Os preços da carne bovina dispararam no mercado atacadista brasileiro nas últimas semanas, em um aumento que não foi acompanhado pelos preços pagos pelo boi gordo e que colocou as margens dos frigoríficos no positivo pela primeira vez em meses.
A situação de mercado, que decorre de uma queda na oferta de carne pela redução de abates, e que poderá durar pelo menos até o fim do ano, beneficia grandes grupos como JBS, Marfrig e Minerva, mas também pequenos e médios abatedouros, disseram especialistas.
Os preços do traseiro bovino com osso, por exemplo, subiram mais de 24% desde o início de agosto, quando atingiram uma mínima de quase dois anos. No mesmo período, o preço de referência para o boi gordo recuou 0,9%, segundo dados do Centro de Estudos Avançados em Economia Aplicada (Cepea).
A margem de comercialização de carne com osso, couro e outros derivados estava em 0,3% no fim de julho, tendo saltado para 21,3% na segunda-feira, de acordo com índice da Scot Consultoria.
“Na maioria dos meses de 2016, os frigoríficos trabalharam com margem abaixo da média”, destacou a analista de mercado Isabella Camargo, da Scot.
A explicação para o aumento do “spread” está na redução dos abates em diversas unidades industriais nos últimos meses, em meio à alta de custos e queda na demanda de carne.
Numa contagem da consultoria Agrifatto, das 281 unidades frigoríficas existentes no país (com inspeção federal), 58 fecharam as portas entre 2015 e 2016.
Também há unidades iniciando férias coletivas ou realizando abates em dias intercalados, destacaram especialistas.
“A queda no abate nos últimos meses enxugou a oferta de carne do mercado”, disse a diretora da Agrifatto, Lygia Pimentel.

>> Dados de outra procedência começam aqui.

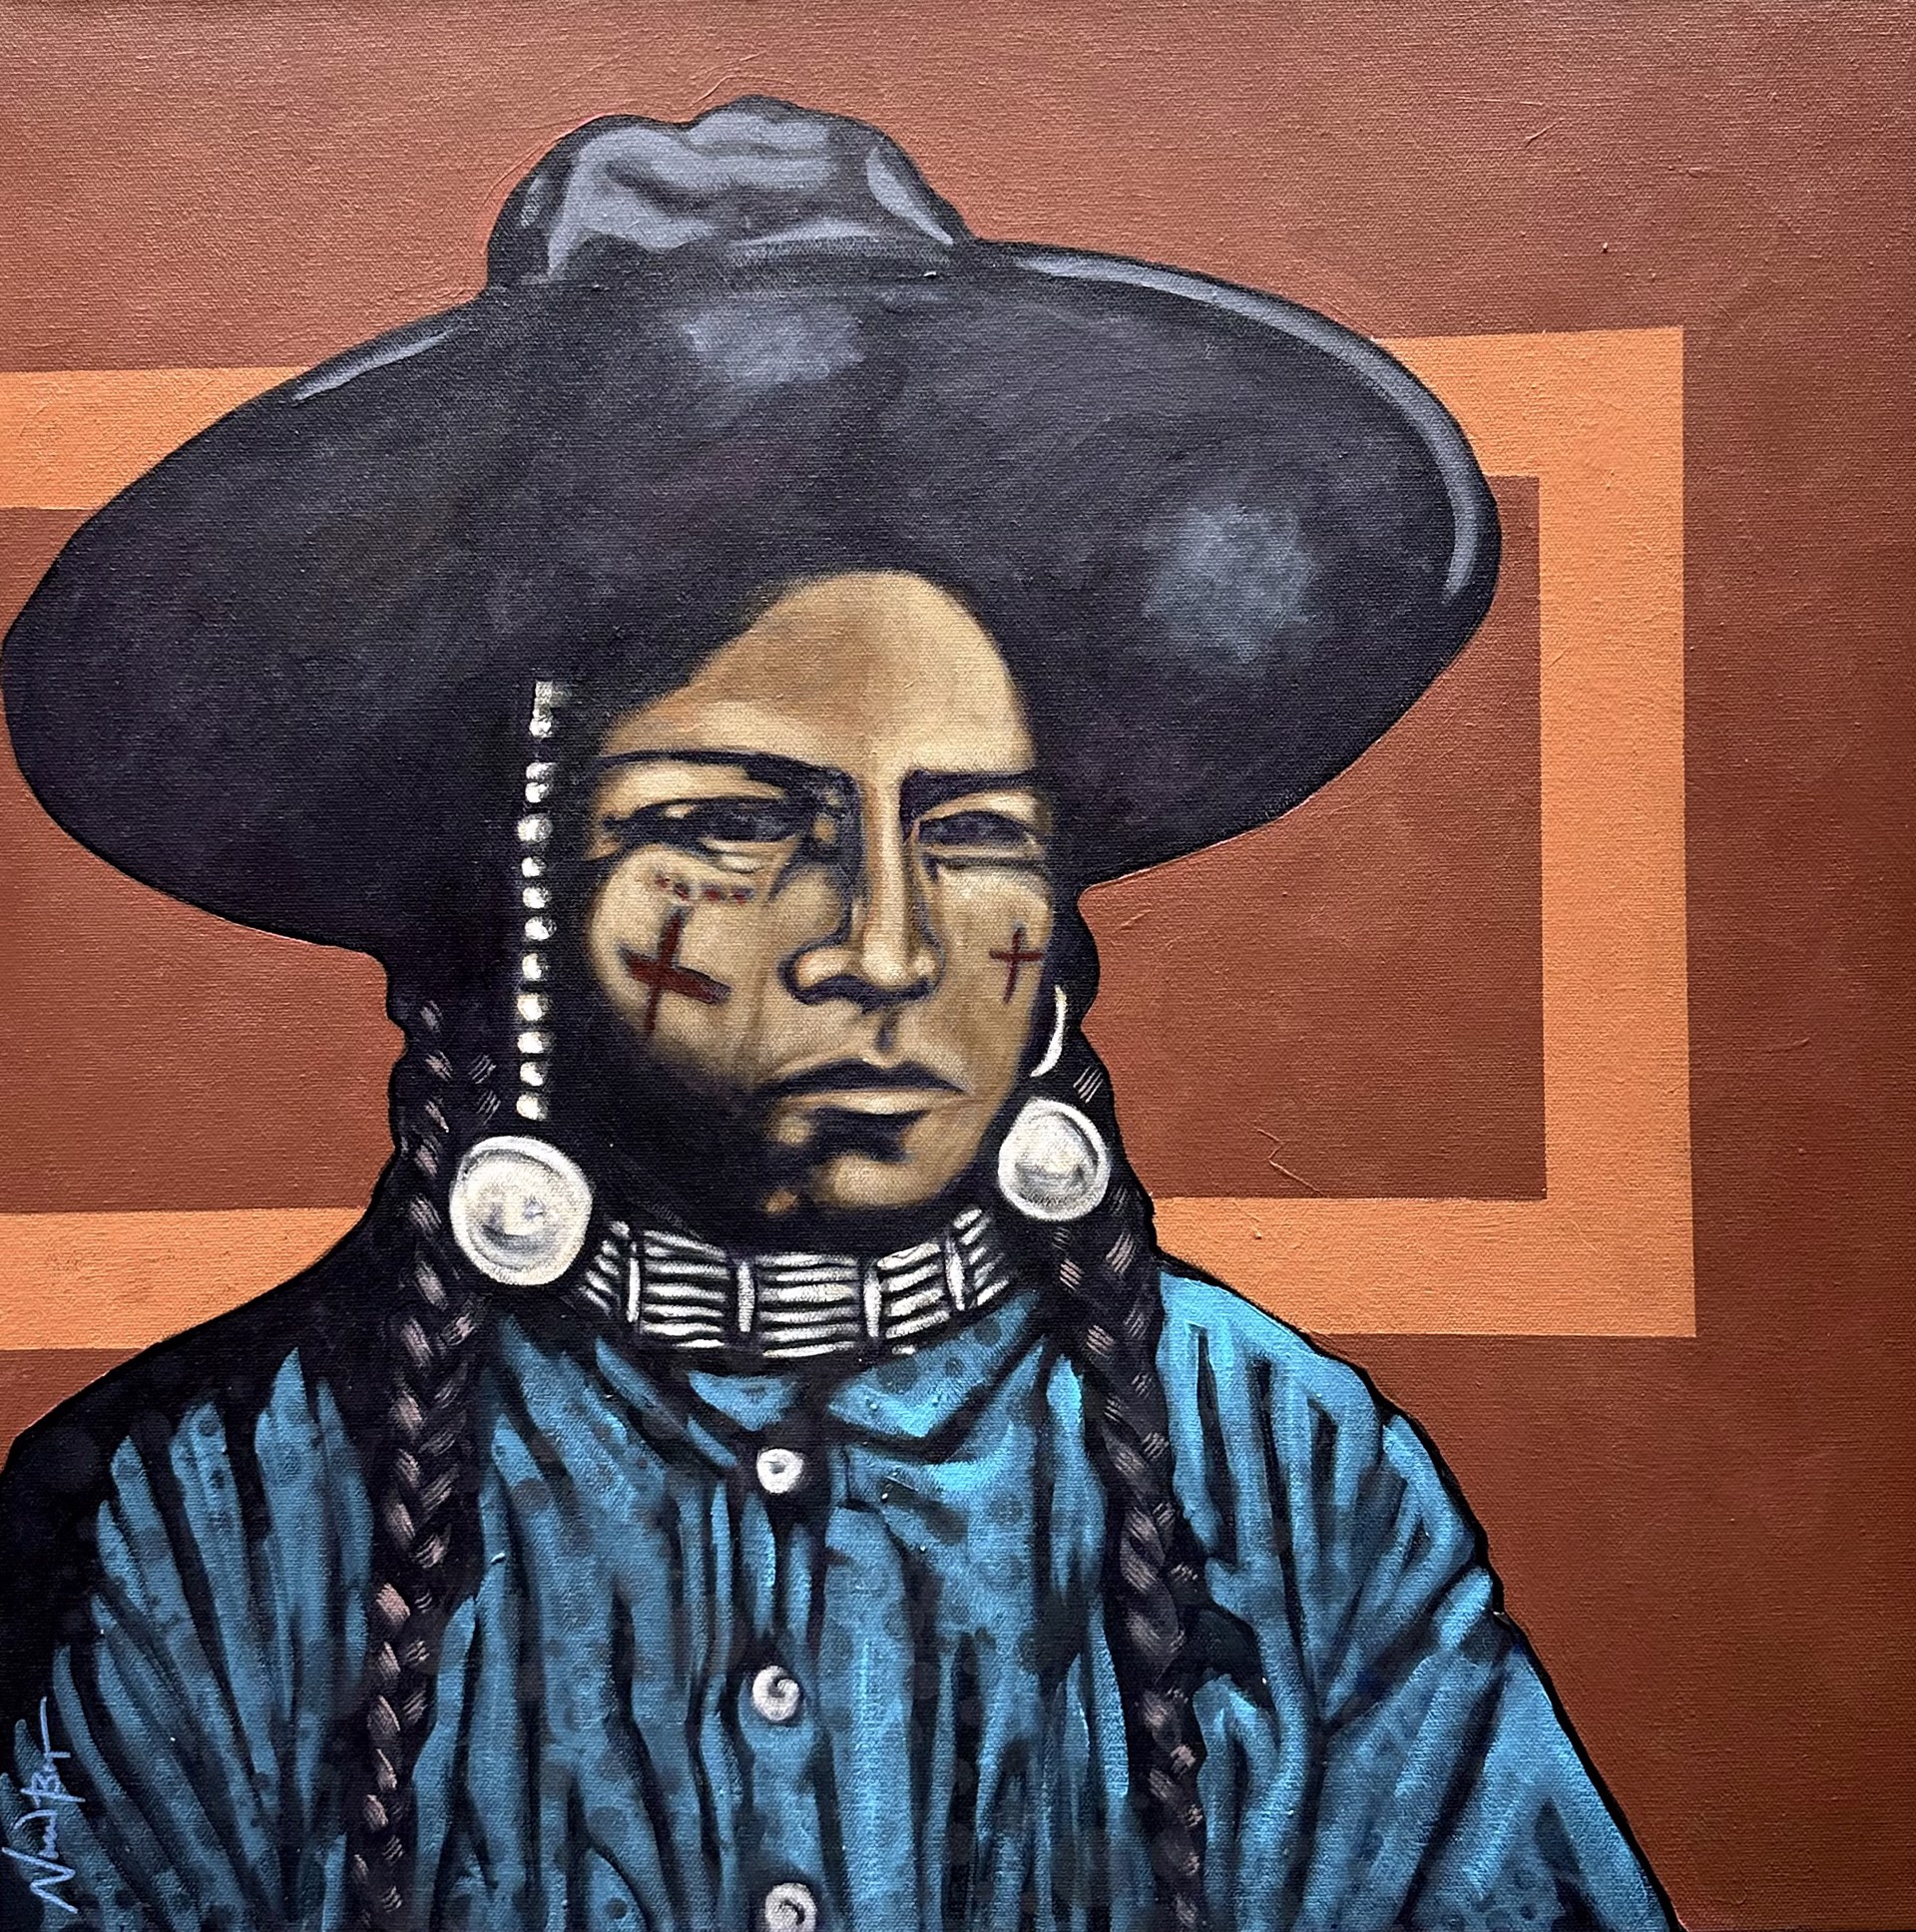 Wasco Cowboy by Nocona Burgess

Por outro lado, os preços do boi gordo, que chegaram a bater um recorde nominal histórico em abril, não acompanharam a alta da carne, devido à menor demanda pelas indústrias.
Beneficiados
Após meses de margens muito apertadas, o aumento no preço da carne é uma boa notícia para os frigoríficos, mas não traduz-se necessariamente no fim dos problemas do setor.
A redução de atividade em unidades de grandes empresas do setor foi uma solução encontrada para reduzir prejuízos em algumas regiões deficitárias, mas não elimina diversos gastos, como salários.
“A gente não consegue avaliar ainda o custo das plantas paradas. Provavelmente eles vão ter dificuldade de diminuir custo fixo”, disse Lygia Pimentel.
A Marfrig, segundo maior frigorífico de bovinos do país, por exemplo, viu sua unidade Beef (de carne bovina e ovina) reduzir a geração de caixa medida pelo Ebitda (lucro antes de juros, impostos, depreciação e amortização) em 27 por cento no segundo trimestre deste ano, ante 2015, após fechamento de unidades e aperto nas margens operacionais.
“A redução de margens e volume (de vendas de carne) levou à queda do Ebitda no trimestre”, disse a empresa em seu relatório do segundo trimestre deste ano.
O movimento dos grandes frigoríficos para ajustarem-se ao mercado pode beneficiar as pequenas e médias indústrias, onde há menor ociosidade, disse a analista Agrifatto.
Na avaliação da consultoria IEG FNP, as indústrias de pequeno e médio porte podem ganhar espaço no atual cenário.
“Os (grandes) frigoríficos tentam de certa forma regular oferta (de carne), mas ainda existe concorrência… frigoríficos menores começam a ganhar mercado”, disse o diretor técnico da IEG FNP, José Vicente Ferraz.
Segundo ele, cerca de metade do consumo interno de carne bovina do Brasil é abastecido por pequenos e médios frigoríficos.
Varejo
Com os preços no atacado em ascensão, em breve a alta deverá chegar à rede varejista, e a questão é saber quem irá absorver os valores maiores.
Na visão do gerente de Inteligência de Mercado da Minerva Foods, um dos maiores grupos frigoríficos do país, Leonardo Alencar, uma “boa fatia” dos reajustes deverá ficar com os supermercados.
“Talvez o varejo não consiga repassar isso para o consumidor final”, disse ele.
Na visão de Ferraz, da FNP, há pouco espaço para o consumidor final absorver aumento de preços na carne bovina, em meio ao cenário de inflação alta, desemprego e endividamento das famílias. “Agora o maior braço de ferro está sendo entre indústria e varejo”, disse.